NCT number NCT04705129
Other study ID # RJ-PMBCL-1
Secondary ID
Status Recruiting
Phase Phase 2
First received
Last updated
Start date January 1, 2021
Est. completion date January 1, 2024

Study information

Verified date March 2021
Source Ruijin Hospital
Contact Weili Zhao, PhD, MD
Phone +862164370045
Email zwl_trial@163.com
Is FDA regulated No
Health authority
Study type Interventional

Clinical Trial Summary

The study is to investigate the safety and efficacy of Zanubrutinib combined with Tislelizumab in the treatment of relapsed/refractory primary mediastinal large B-cell lymphoma and Epstein-Barr Virus-positive diffuse large B-cell lymphoma.


Description:

R-CHOP regimen is the first-line therapy in DLBCL which greatly improved the efficacy of diffuse large B-cell lymphoma (DLBCL) and achieved good long-term survival. However, among DLBCL patients treated with R-CHOP, EBV+ had a lower 5-year OS than EBV- patients (65% vs 82%). For primary mediastinal large B-cell lymphoma (PMBCL), although the initial treatment has a better prognosis than DLBCL, there are still 10% to 30% of PMBCL patients with primary refractory or relapsed disease, and the prognosis is poor.
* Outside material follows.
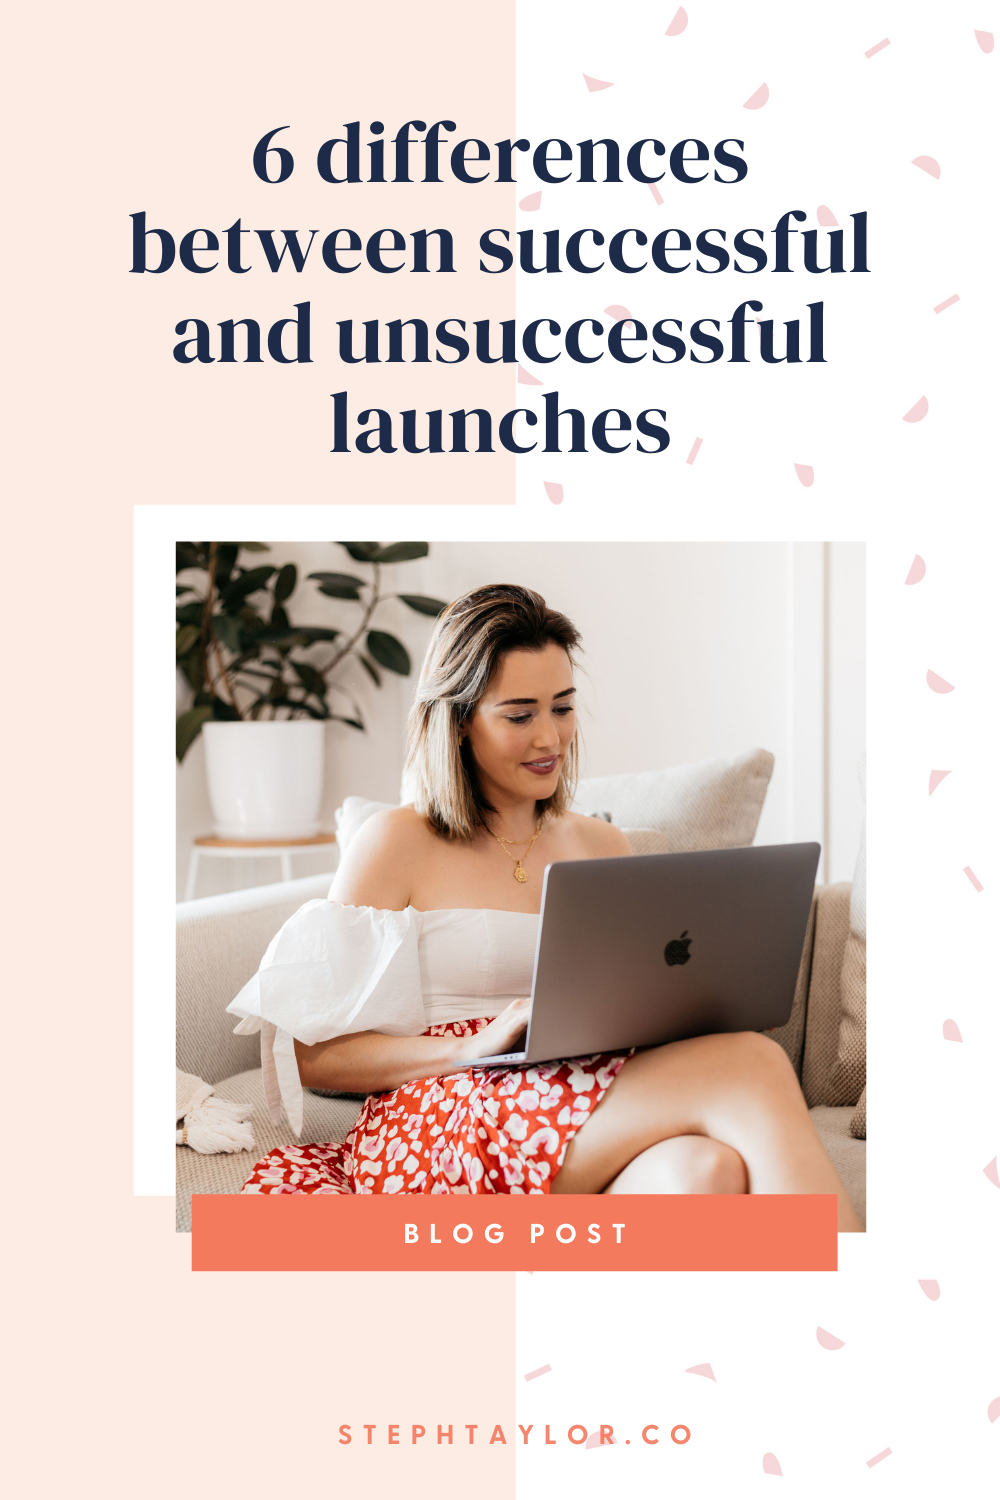 6 differences between successful and unsuccessful launches

Zanubrutinib combined with Tislelizumab has been proved efficient in relapsed or refractory NHLs, with ORR rate 37%, CR rate of 16.7%. This phase II, prospective, open-label, single-arm study will evaluate the efficacy and safety of Zanubrutinib combined with Tislelizumab in the treatment of relapsed/refractory primary mediastinal large B-cell lymphoma and Epstein-Barr Virus-positive diffuse large B-cell lymphoma.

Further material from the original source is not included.